Description russellr 2009-07-06 08:31:22 UTC
Hi,

Machine is a dv6-1160tx.

I've attached the acpidump.out for this machine.

The fan goes from silent to very loud for no apparent reason and spends quite a lot of time at very loud when the temperature on both cores is < 50 degrees C.

If I force the temperature up using a CPU hogger, the fan goes on and stays on until I lower the temperature.  That's good!

What's not good is that this damned laptop spends way too much time sounding like a jet engine.

Kernel is 2.6.29.5-191 (Fedora 11).

I've tried adding a custom DSDT but it won't "take".  I'll report this as another bug.

regards,
RR
Comment 1 russellr 2009-07-06 08:49:54 UTC
DSDT bug: http://bugzilla.kernel.org/show_bug.cgi?id=13719
Comment 2 ykzhao 2009-07-06 09:38:31 UTC
Will you please attach the output of acpidump?
   Thanks.
Comment 3 russellr 2009-07-06 12:26:31 UTC
Created attachment 22232 [details]
acpidump from dv6-1160tx

Attached as requested
Comment 4 ykzhao 2009-07-07 00:56:54 UTC
Hi, Russellr
    From the acpidump it seems that there is no ACPI FAN device. In such case the FAN is not controlled by OS. Maybe it is controlled by BIOS. And we can do nothing to fix it.
 
    Thanks.
Comment 5 ykzhao 2009-07-07 00:58:11 UTC
As there is no ACPI fan device, it can't be controlled by OS. So this is not a ACPI bug.
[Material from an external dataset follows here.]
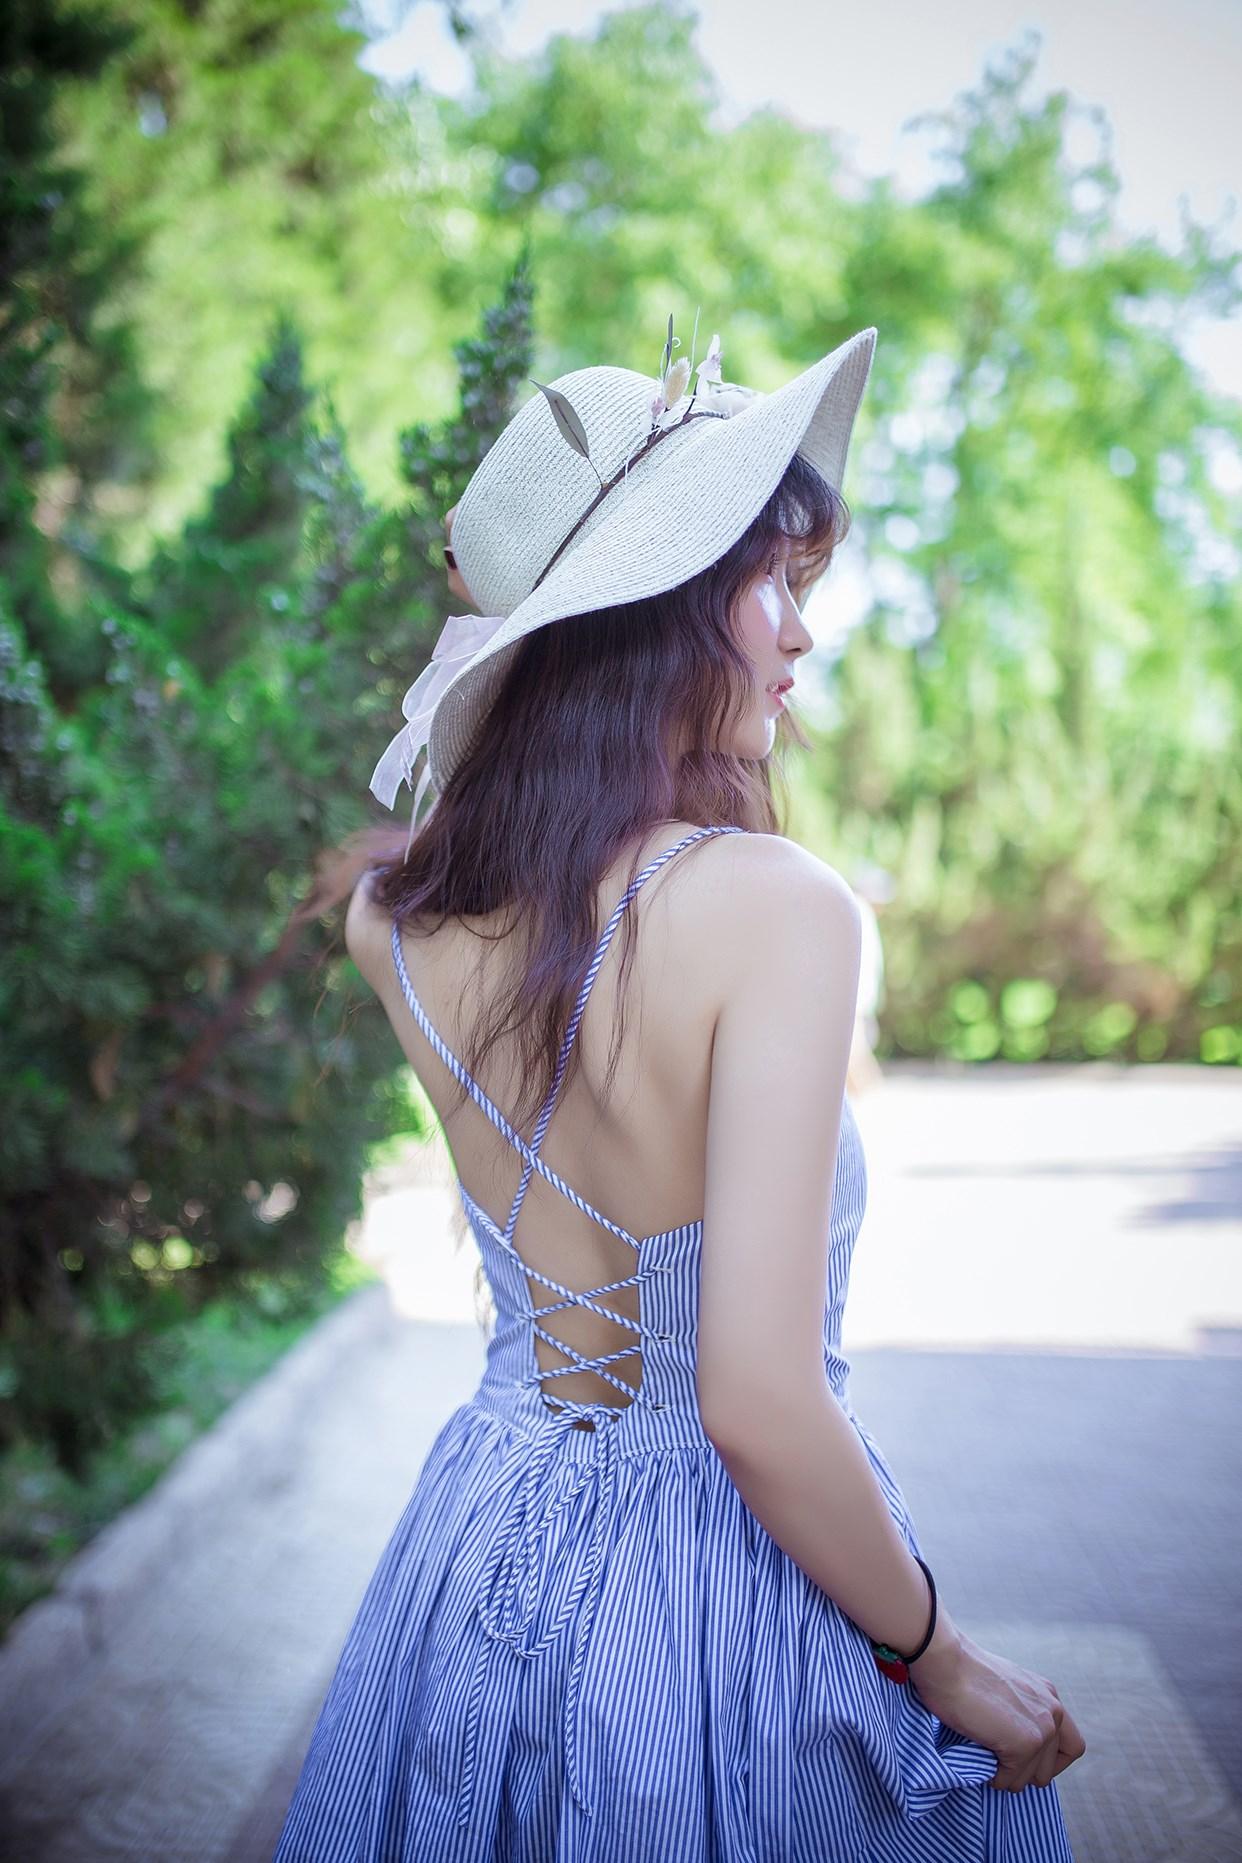 【兔玩映画】吊带裙小姐姐 兔玩映画 第39张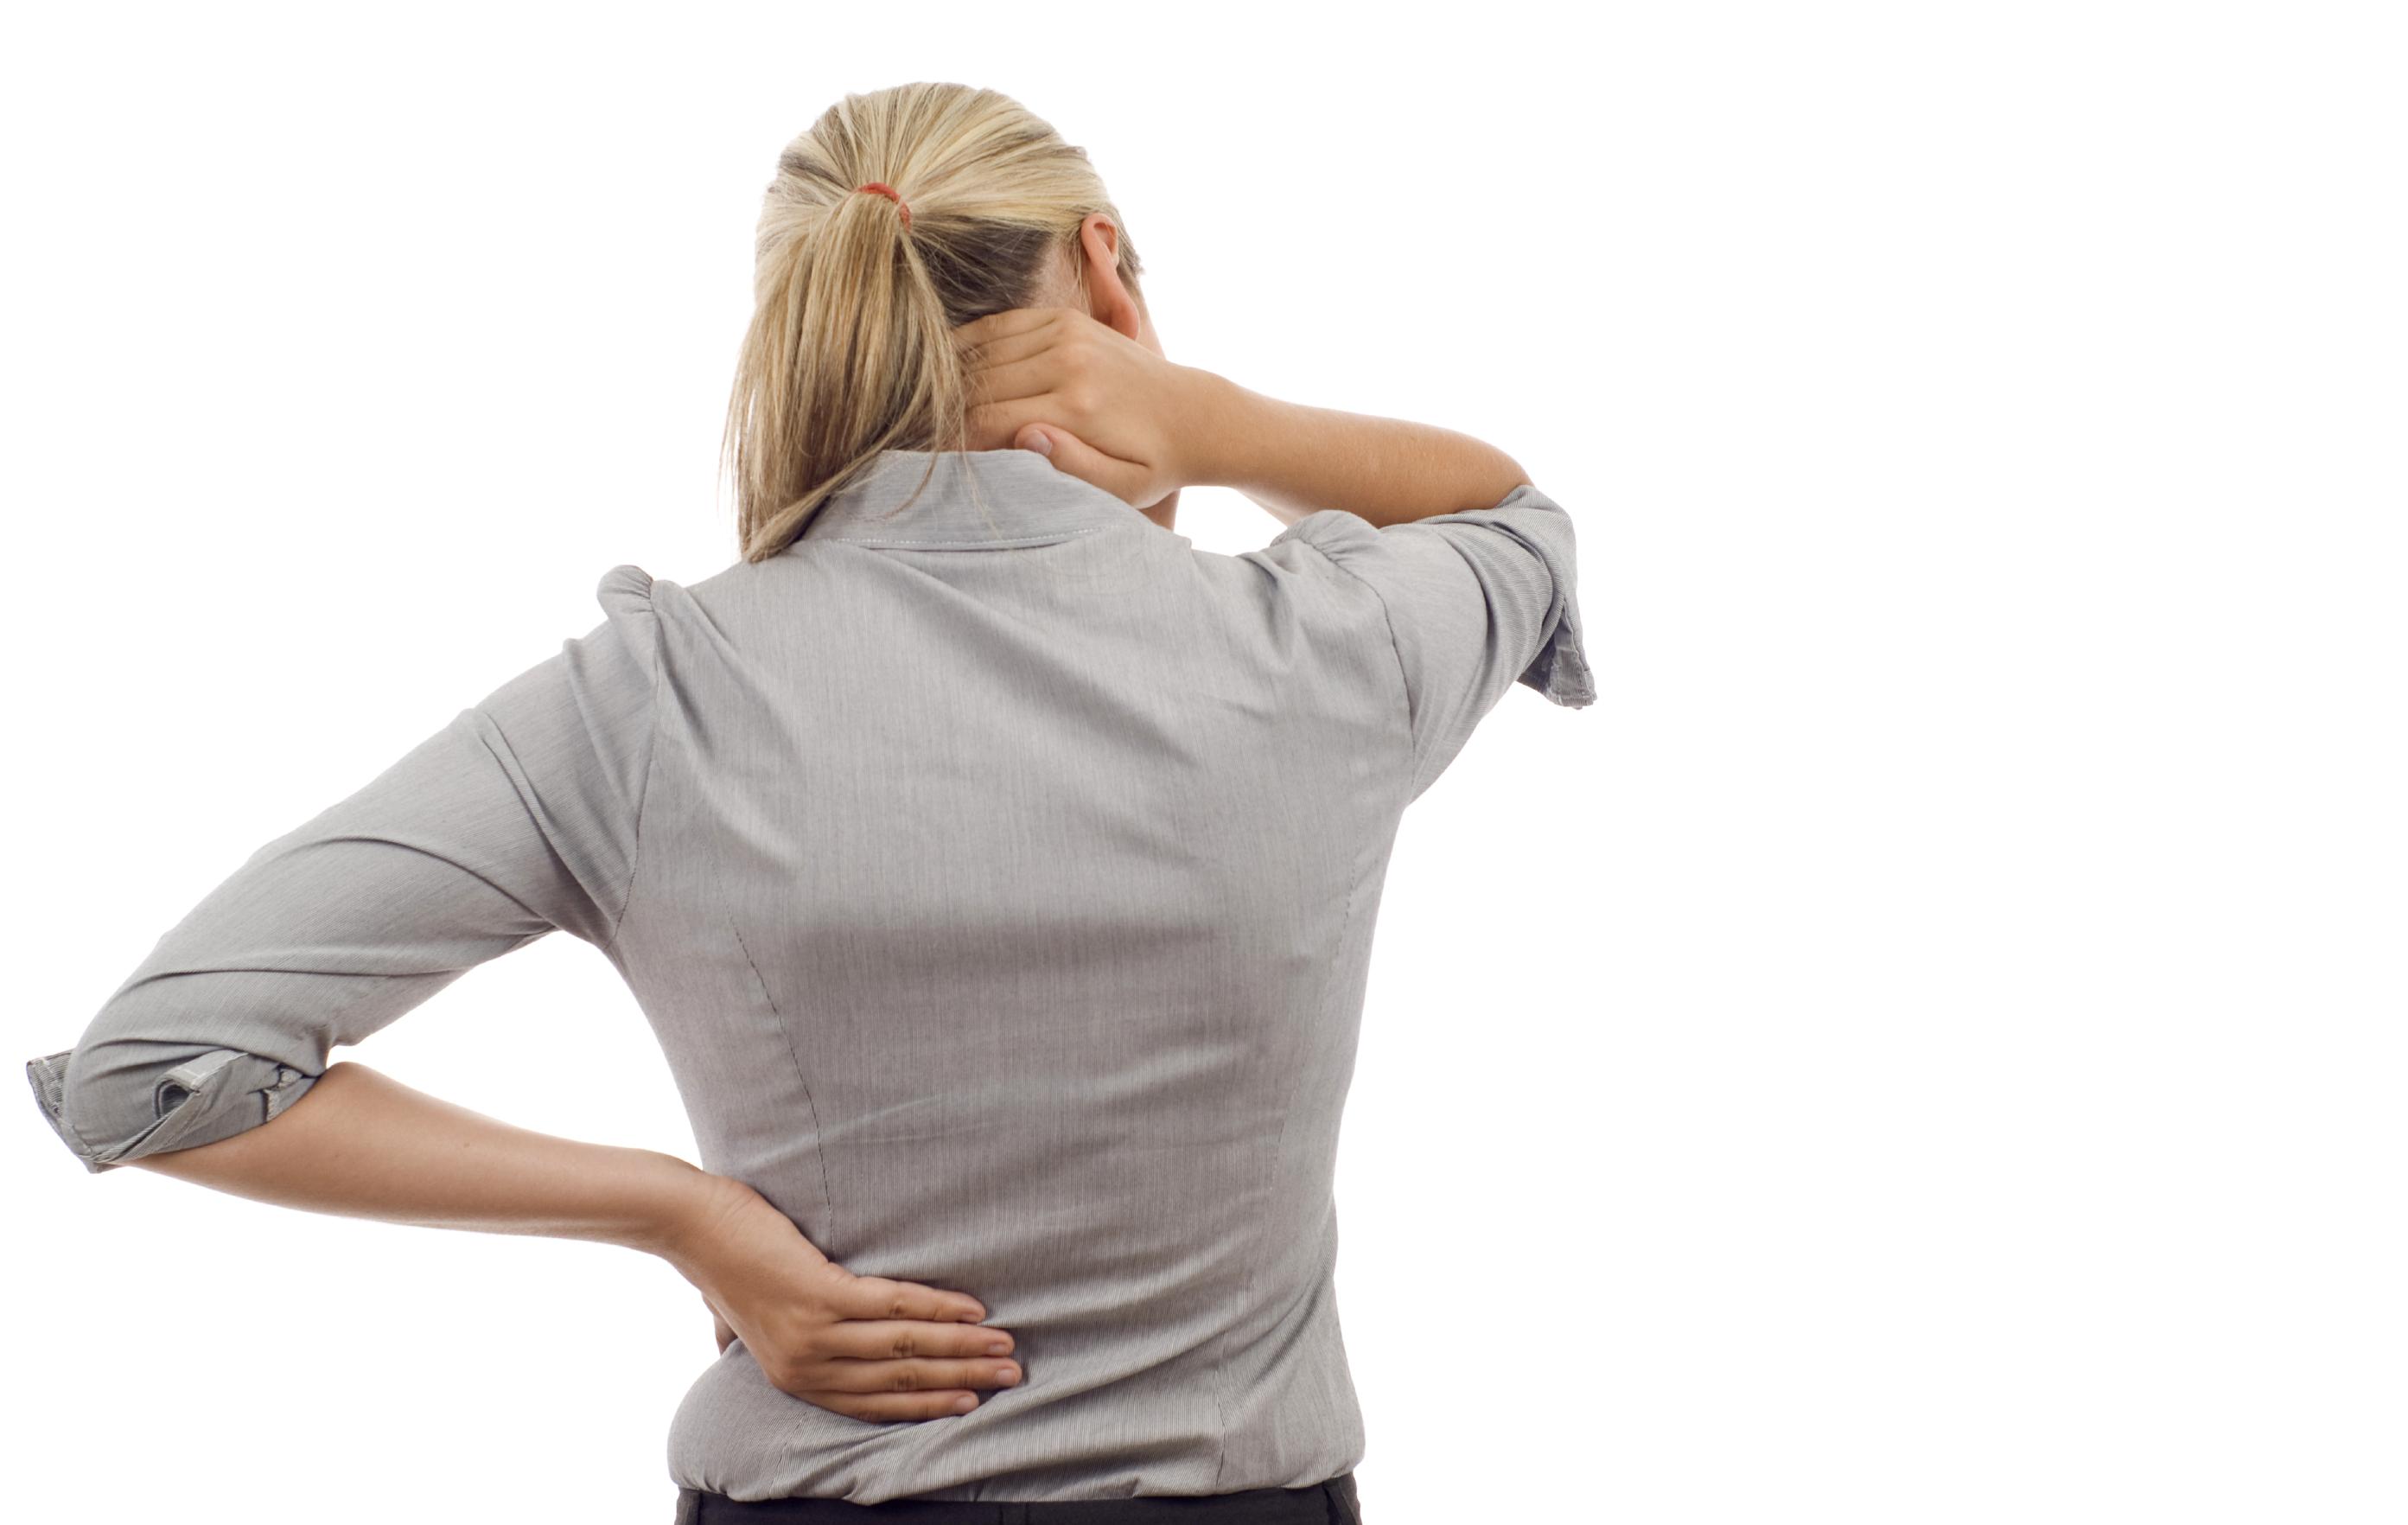 чем грозят боли в спине

Instead it is a BIOS bug.
    This bug will be rejected.

Thanks.
Comment 6 russellr 2009-07-07 08:56:46 UTC
Hi,

Thanks for looking.

I've been scouring the DSDT and adding debug to try to figure this out.

I was inclined to agree with you, but now I've done some scientific tests on this, and it *IS* controlled by Windows (and possibly Linux), somehow.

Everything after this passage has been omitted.